Fino a poco tempo fa, gli algoritmi erano un dominio degli informatici. Ma ora, sono entrati nelle nostre vite e stanno diventando pervasivi. Algoritmo non è più una parola straniera. Il trading algoritmico, i pregiudizi algoritmici, l’algoritmo di Facebook, persino la guerra algoritmica – tutti questi termini sono diventati parte del nostro vocabolario negli ultimi anni. Alcune persone arrivano a sostenere che viviamo in una nuova era: l’era dell’algoritmo. Ma gli algoritmi non sono così nuovi. Li abbiamo usati, consapevolmente o meno, per centinaia e migliaia di anni. Gli algoritmi sono semplicemente descrizioni specifiche di azioni passo dopo passo che devono accadere per raggiungere un particolare risultato. Sono uno degli strumenti più comuni di condivisione della conoscenza.

Praticamente ogni processo di insegnare a qualcuno come fare qualcosa usa algoritmi.

Alcuni aspetti degli algoritmi sono cambiati negli ultimi decenni. In particolare, l’introduzione dei computer significa che molti algoritmi oggi sono drammaticamente più complessi di quanto avremmo mai potuto immaginare in passato. Come si sono evoluti gli algoritmi per essere così sofisticati oggi rispetto al passato? Diamo un breve sguardo alla loro storia.

Algoritmi che guidano le azioni umane

Un francobollo emesso il 6 settembre 1983 in Unione Sovietica, per commemorare il 1200° compleanno (approssimativo) di al-Khwārizmī; via Wikimedia Commons

Il termine algoritmo deriva dal nome di Muhammad ibn Mūsā al’Khwārizmī, un matematico persiano del IX secolo. Il suo nome latinizzato, Algoritmi, significava “il sistema di numeri decimali” e fu usato in questo senso per secoli. La nozione moderna di algoritmo è emersa in inglese nel diciannovesimo secolo, ed è diventata più comunemente usata a partire dagli anni ’50, innescata dall’emergere dei primi computer disponibili in commercio.

Molto prima che gli algoritmi ottenessero il loro nome moderno, però, erano comunemente creati e usati.

I primi algoritmi furono catturati su carta nell’Antica Grecia.
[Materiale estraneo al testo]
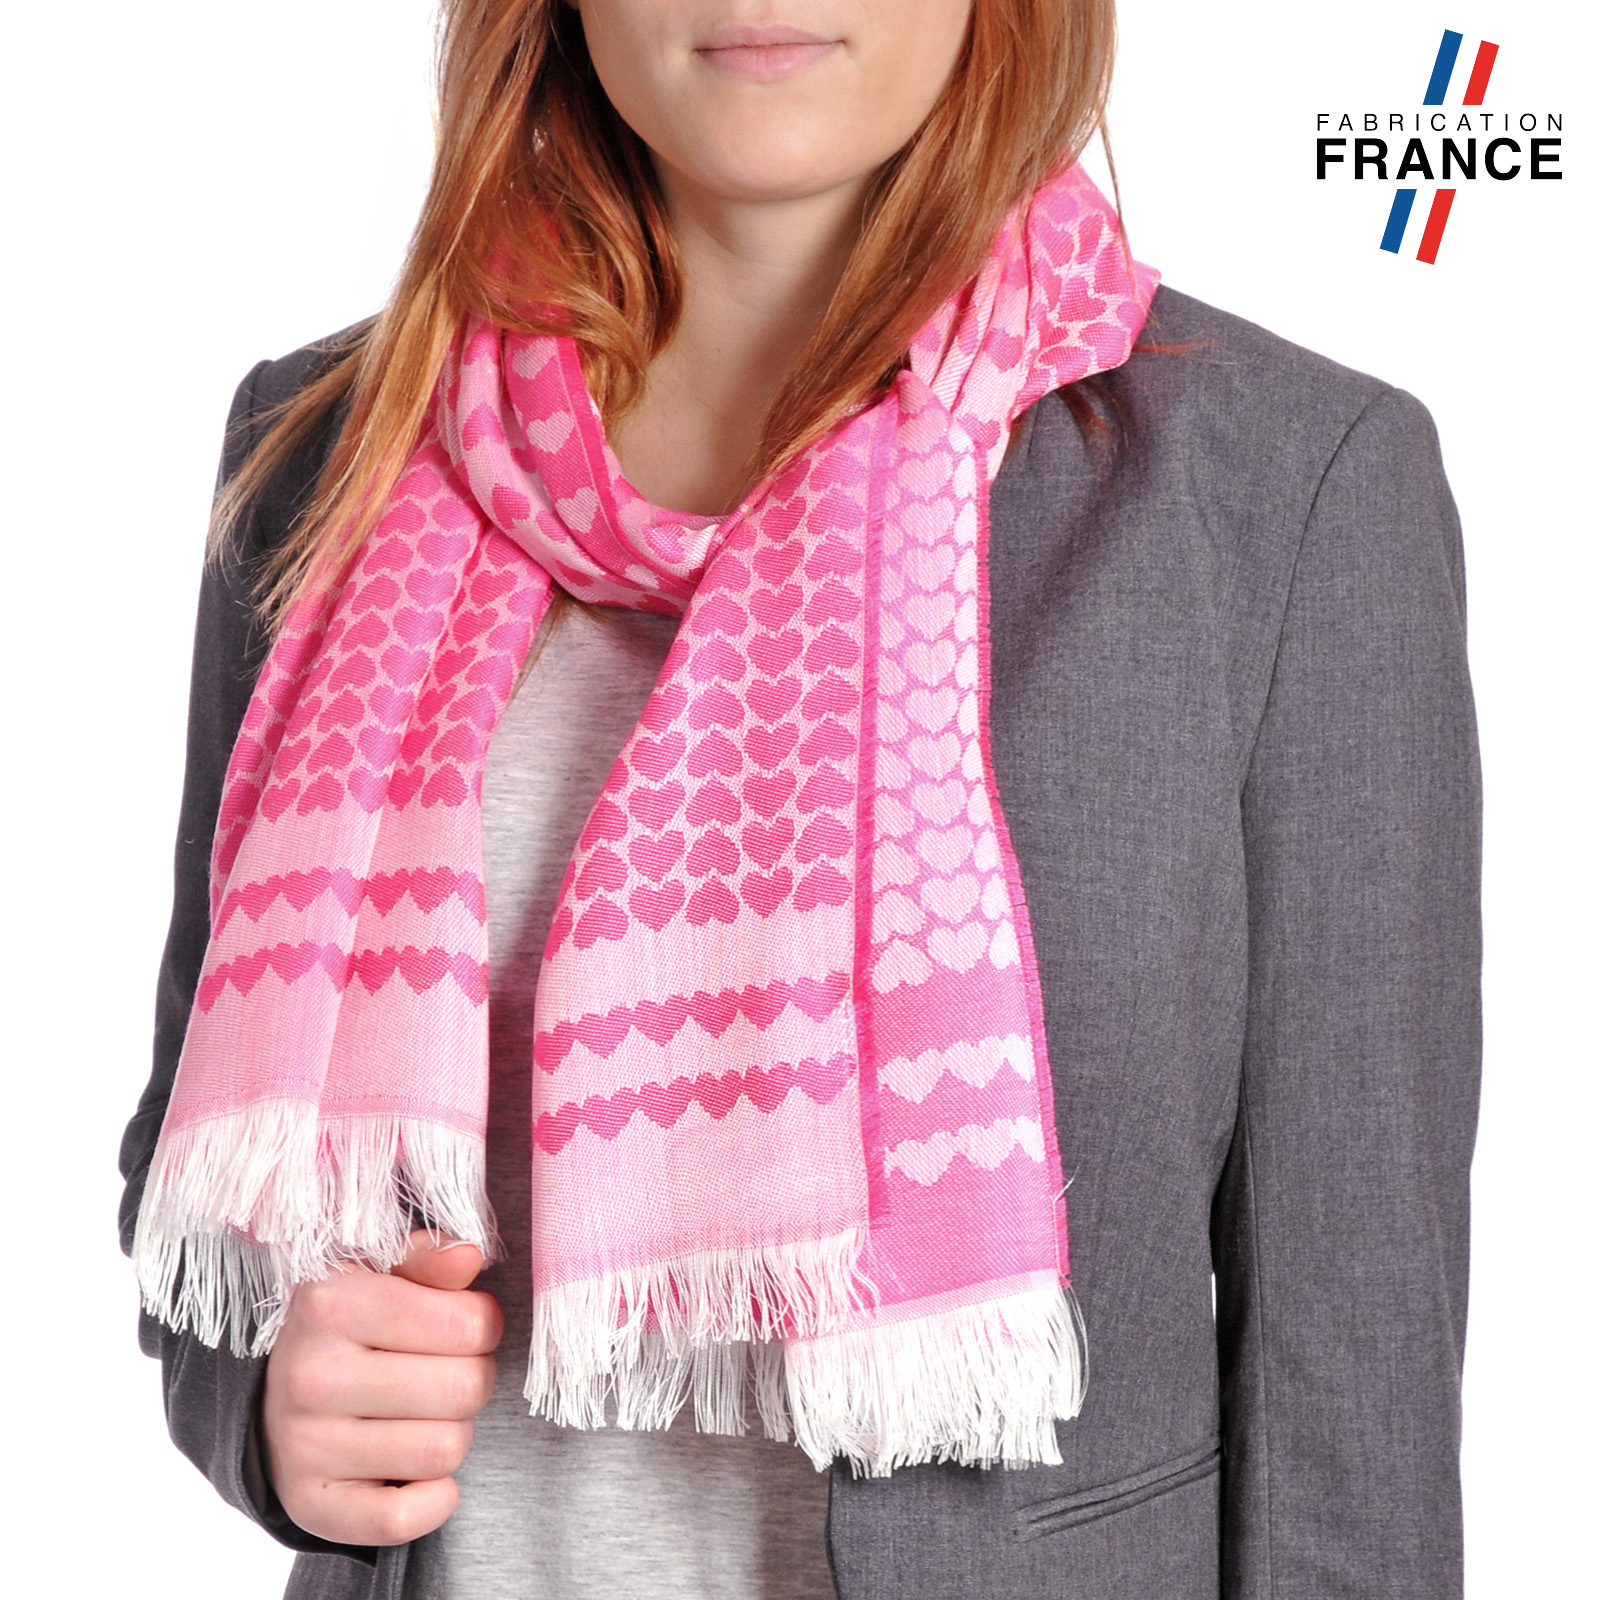 AT-04276-VF16-T-LB_FR-echarpe-femme-fuchsia-coeurs

Studiosi come Nicomaco di Gerasa o Euclide stavano creando i mattoni della matematica moderna. Per facilitare la comprensione e l’applicabilità delle loro idee, espressero molte di esse come azioni passo dopo passo.

Nicomaco di Gerasa introdusse il Setaccio di Eratostene. Il setaccio è usato ancora oggi dagli studenti che imparano a scrivere un codice informatico efficiente. Ha aiutato a semplificare il processo di identificazione dei numeri primi. I numeri primi sono numeri naturali, maggiori di uno, che non possono essere formati dalla moltiplicazione di due numeri naturali più piccoli. Per esempio, quattro non è un numero primo perché può essere formato moltiplicando due per due. Cinque, al contrario, è un numero primo, perché nessun numero naturale più piccolo di cinque può essere moltiplicato per formare cinque. Mentre non è troppo difficile identificare i primi numeri primi (per esempio 2, 3, 5, 7, 11, 13, 17, 19, 23 e 29), trovare grandi numeri primi richiede molto tempo. E i grandi numeri primi sono essenziali nella crittografia. Il setaccio di Eratostene fornisce istruzioni passo dopo passo per rimuovere rapidamente tutti i numeri non primi da un insieme definito di numeri (per esempio tra 1 e 10.000) fino a quando rimangono solo numeri primi. Oggi, ci sono numerosi algoritmi disponibili, che semplificano il compito di identificare tali numeri. Il setaccio di Eratostene ha dato inizio a tutta una famiglia di algoritmi che hanno lo stesso obiettivo e stanno diventando migliori (più veloci, o che richiedono meno passaggi) nell’individuare i numeri primi.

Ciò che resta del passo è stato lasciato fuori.